FIG. 9 is a diagram showing a result of movement processing of contour points according to the present embodiment.

FIG. 10 is a diagram showing a result of movement processing of contour points according to another embodiment.

FIG. 11 is a diagram showing a processing result of another embodiment in the case of having a tip point.

FIG. 12 is a diagram showing a result of moving processing of a curved portion.
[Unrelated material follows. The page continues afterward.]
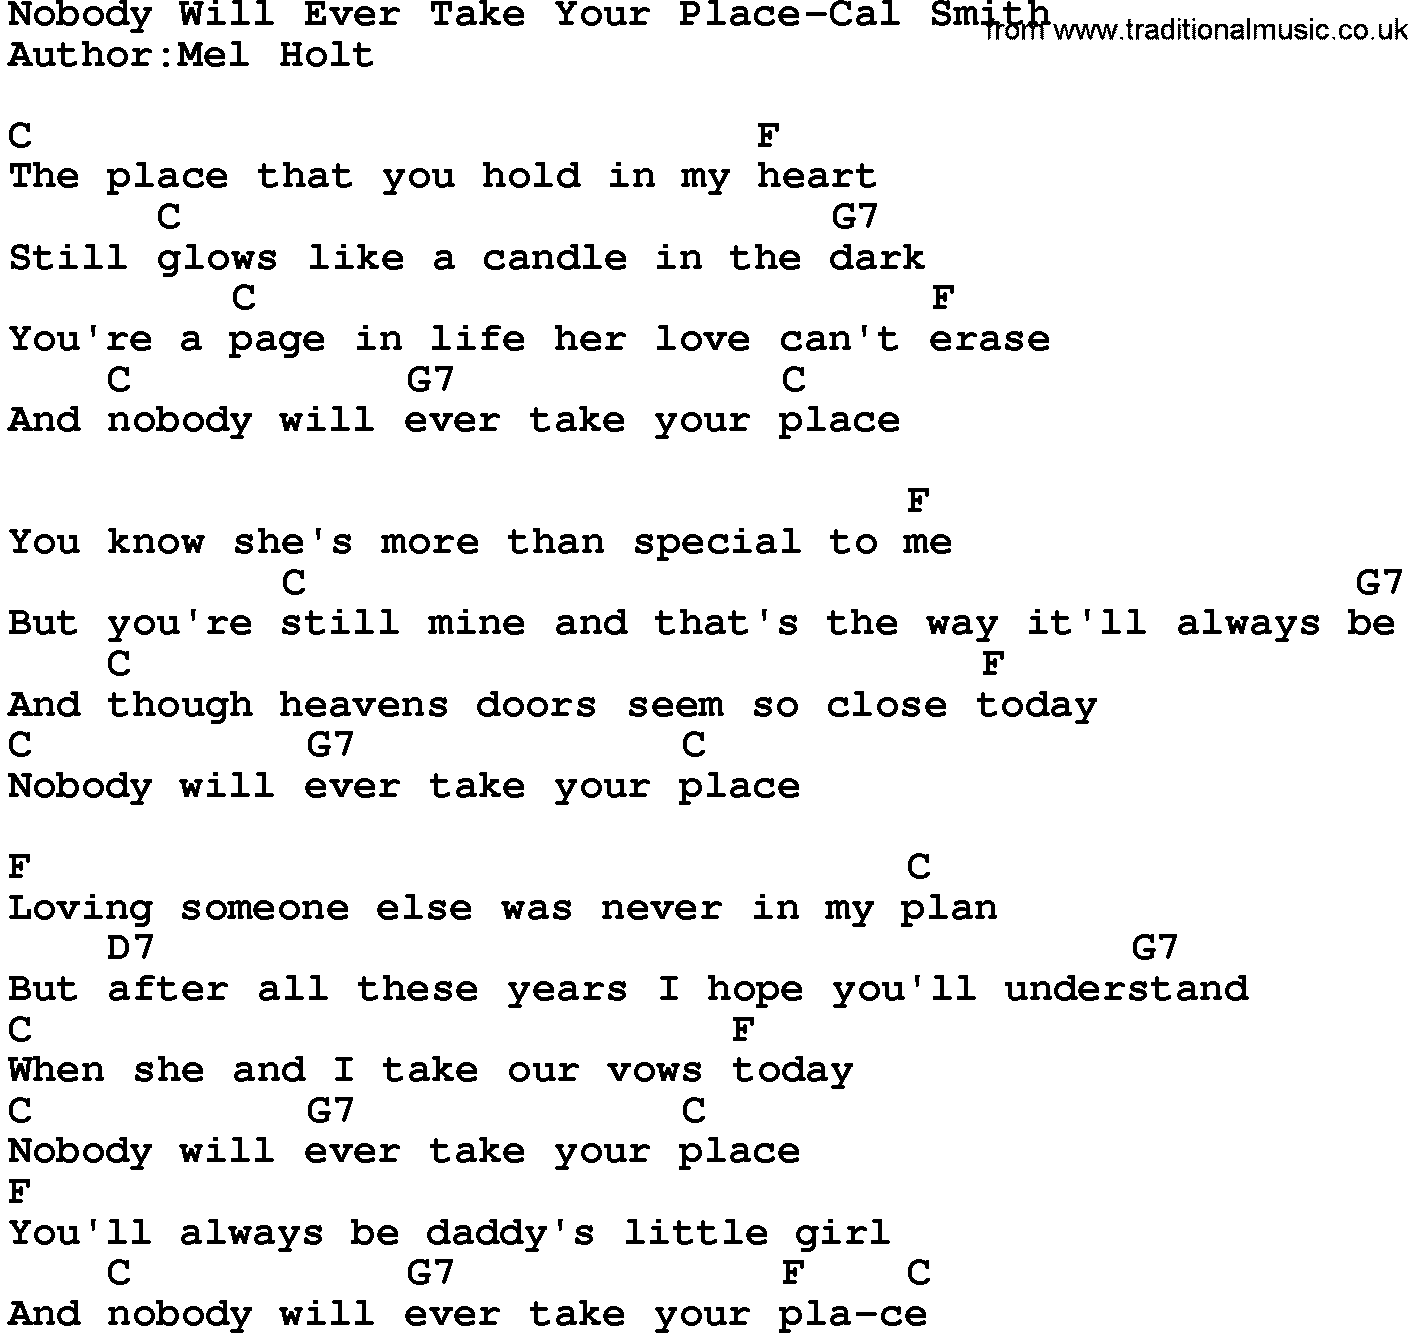 Country music song: Nobody Will Ever Take Your Place-Cal Smith lyrics and chords

FIG. 13 is a diagram illustrating movement of a contour according to a conventional technique.

[Explanation of symbols]

 1, 6 Outline font data storage unit 2 Outline font input unit 3 Line width correction unit 4 Parameter input unit 5 Outline font output unit 7 Control unit

Claims (7)

[Claims] 1. A transforming device for thickening or thinning an outline font by moving contour points, a means for reading an outline font having a predetermined design size, a means for designating a line width amount to be corrected, and the reading means. And a line width correcting means for correcting the outline of the outline font by the specified line width amount to change the thickness of the entire character, and a means for outputting the corrected outline font. Outline font transforming device. 2. The outline font transforming apparatus according to claim 1, wherein the line width correcting means moves the contour points according to an angle formed by the x-axis of a line segment connecting the contour points. 3. The outline font transformation device according to claim 1, wherein the line width correction means moves the contour point in a vertical direction of a line segment connecting the contour points. 4. The line width correcting means is a first connecting the contour points.
2. The outline according to claim 1, wherein the first line segment and the second line segment are moved so that a tip point is not formed when the line segment and the second line segment are turned back at an acute angle. Font transformation device. 5. The outline according to claim 1, wherein the line width correcting means determines the moving direction by using a line segment connecting a start point and an end point of the curve when the curve portion is moved. Font transformation device. 6. The line width correcting means corrects the outline after multiplying the coordinates of all the outline points by n times (n is an integer), and the output means outputs an outline font of n times the design size. The outline font transforming device according to claim 1, wherein 7. A first pixel processing system for determining a first contour line as a start point of a black-painted area and a next contour line as an end point of a black-painted area when filling the inner points of the contour line, and When there is a second pixel processing system that determines that the contour line of the above is the start point of the black-painted area and the next contour line is the start point of the white-painted area, the line width correction means So that the contour line of the outline font designed for the second pixel processing system has the same design, or the contour line of the outline font designed for the second pixel processing system has the same design. 2. The outline font transformation device according to claim 1, wherein the outline is controlled so that the pixel processing system has the same design.